Very nice fabrication job.

I think what it keeps from blowing back out is worth what little it might affect if you actually had to go into a full buckets height of snow.

I notice a little getting blow out on my Troy on the left side and I think it's just the design of the impeller and the fact that it's going to do it due to the air current that the impeller creates. Bucket design and impeller position in it's housing likely play a part in how noticeable it is on a model.


----------



## mswlogo (Dec 22, 2013)

Kiss4aFrog said:


> Very nice fabrication job.
> 
> I think what it keeps from blowing back out is worth what little it might affect if you actually had to go into a full buckets height of snow.


Exactly. The frequency of 8-14" storms compared to 20" or more is like 20 to 1. And if they are that deep I'll usually make a pass halfway through the storm.

There is room for adjustment, this is just an educated guess right now.


----------



## GMH (Dec 31, 2013)

O.K. I get the idea now!
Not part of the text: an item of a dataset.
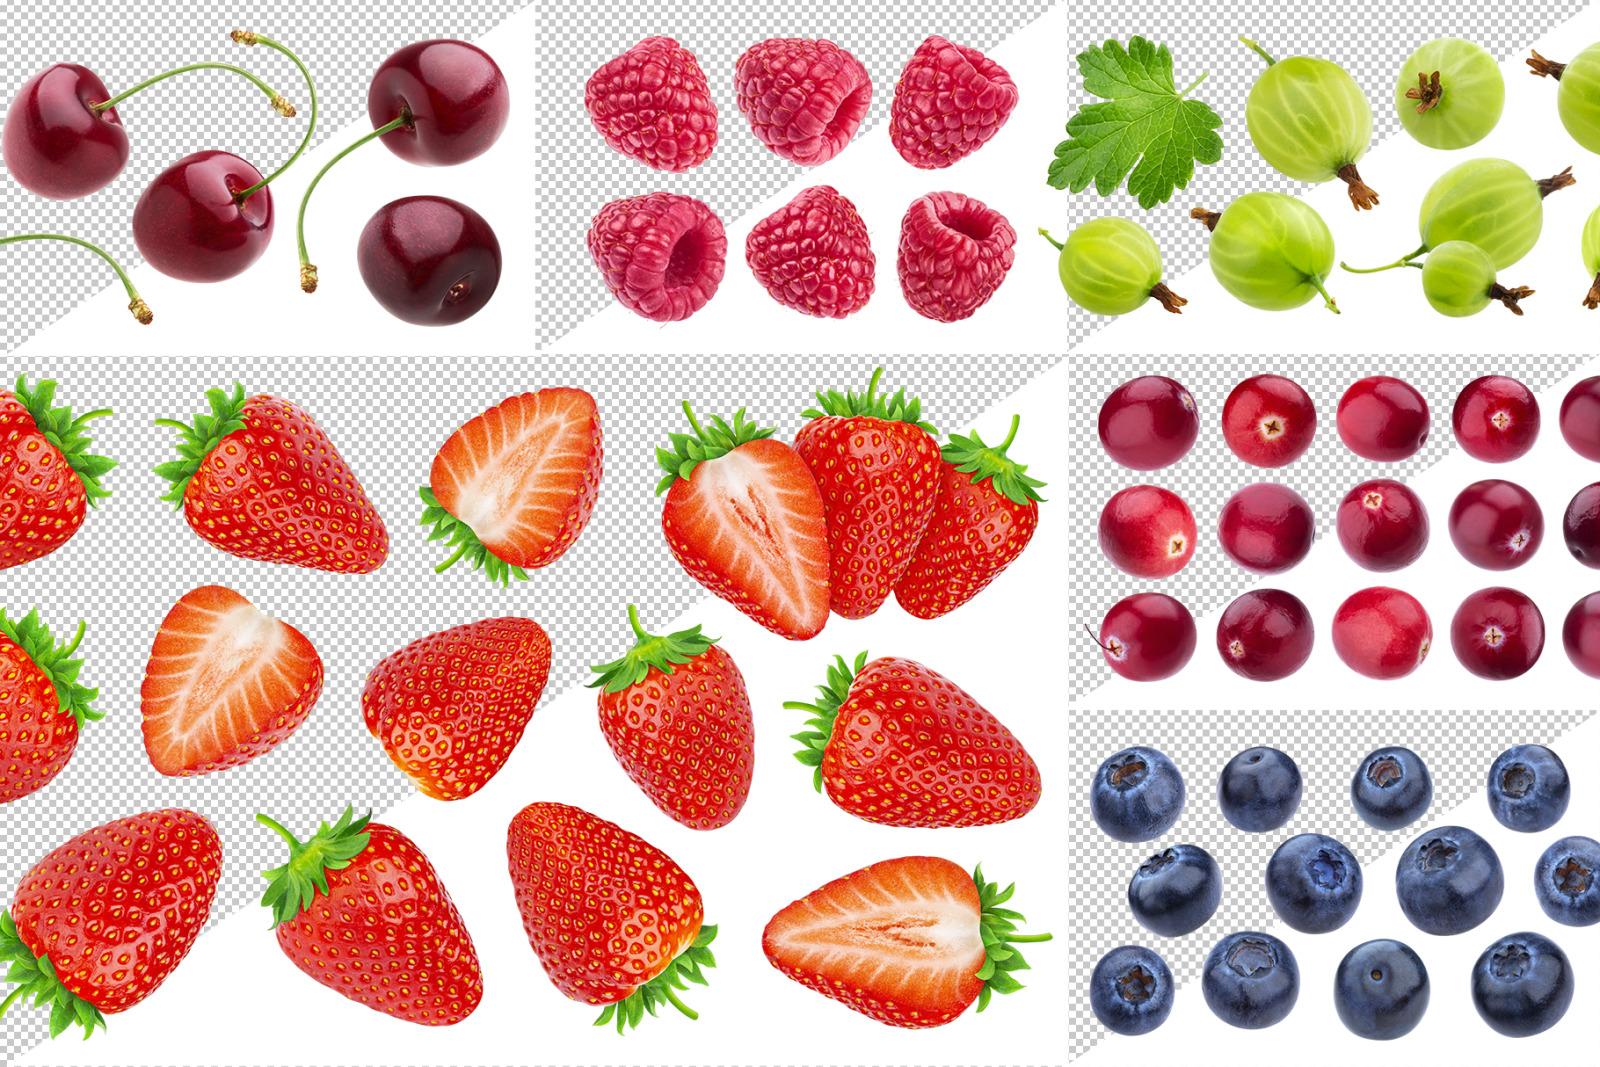 Fruits on transparent background
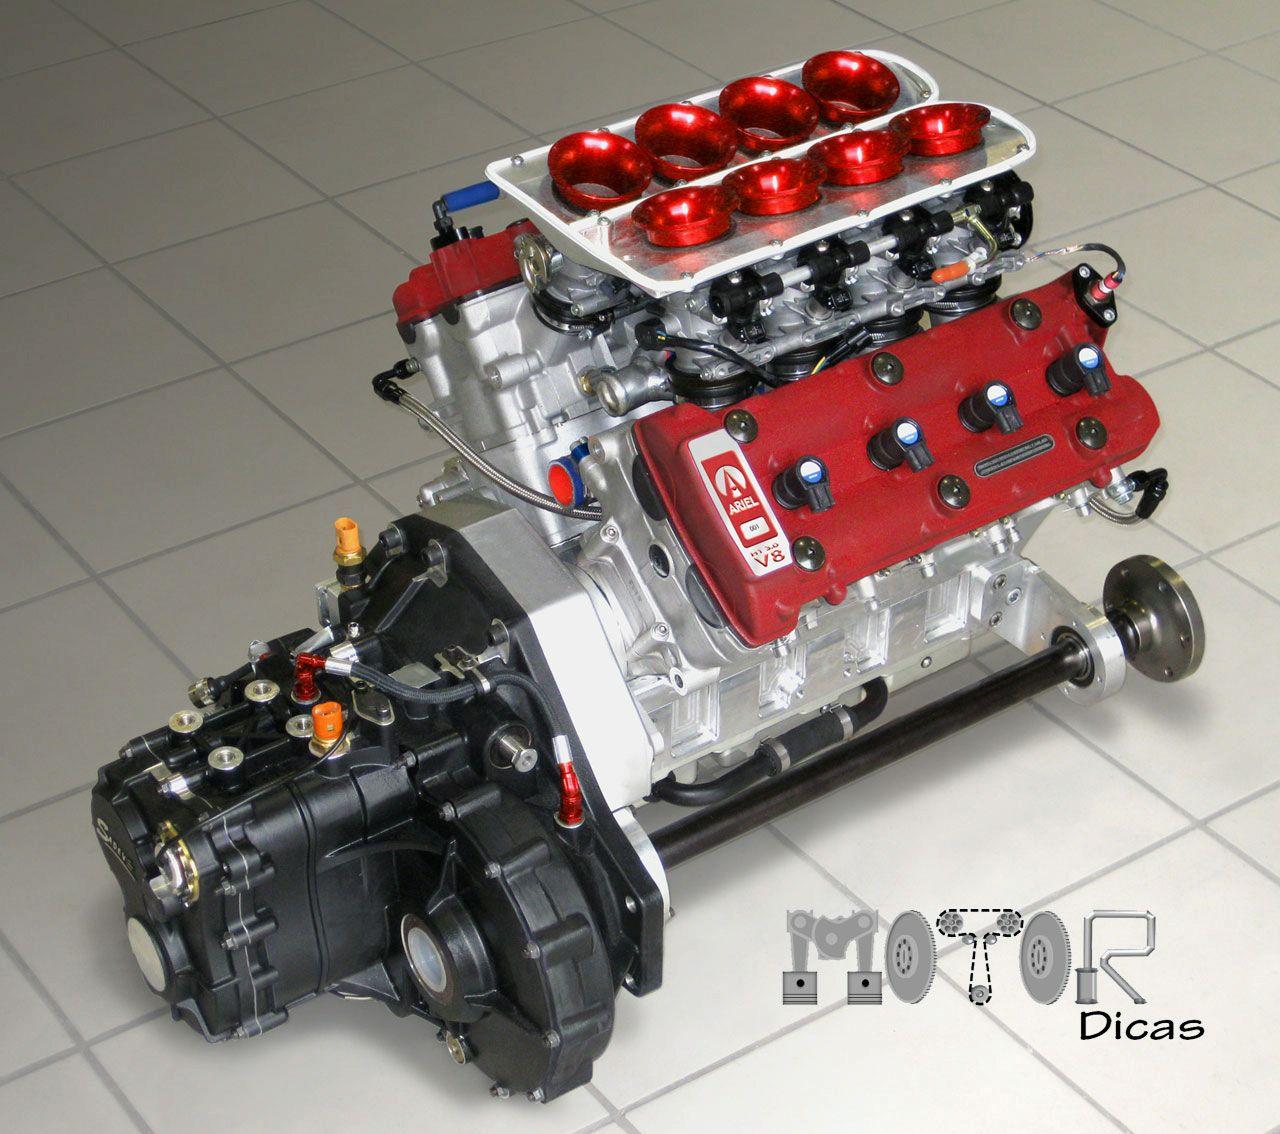 http://3.bp.blogspot.com/-feQSETPiTSU/TbYTPzef-5I/AAAAAAAABJY/4pGLC7awqCk/s1600/ariel-atom-v8-engine.jpg

I can see how that could help on a machine with a taller auger housing.


----------



## MnJim (Jan 26, 2014)

Hmmm I have a 28 Deluxe makes me wonder if I could sandwich a piece of conveyor belt between the weight bar and the bucket and allow it to just drape down the back of the weight bar, The weight bar isn't any lower then the rolled lip on the bucket so it shouldn't effect taking a full bucket when required.


----------



## Shryp (Jan 1, 2011)

MnJim said:


> Hmmm I have a 28 Deluxe makes me wonder if I could sandwich a piece of conveyor belt between the weight bar and the bucket and allow it to just drape down the back of the weight bar, The weight bar isn't any lower then the rolled lip on the bucket so it shouldn't effect taking a full bucket when required.


Sounds like a great idea.


----------



## Big Ed (Feb 10, 2013)

mswlogo said:


> It looks pretty factory looking if I do say myself . I hope it works.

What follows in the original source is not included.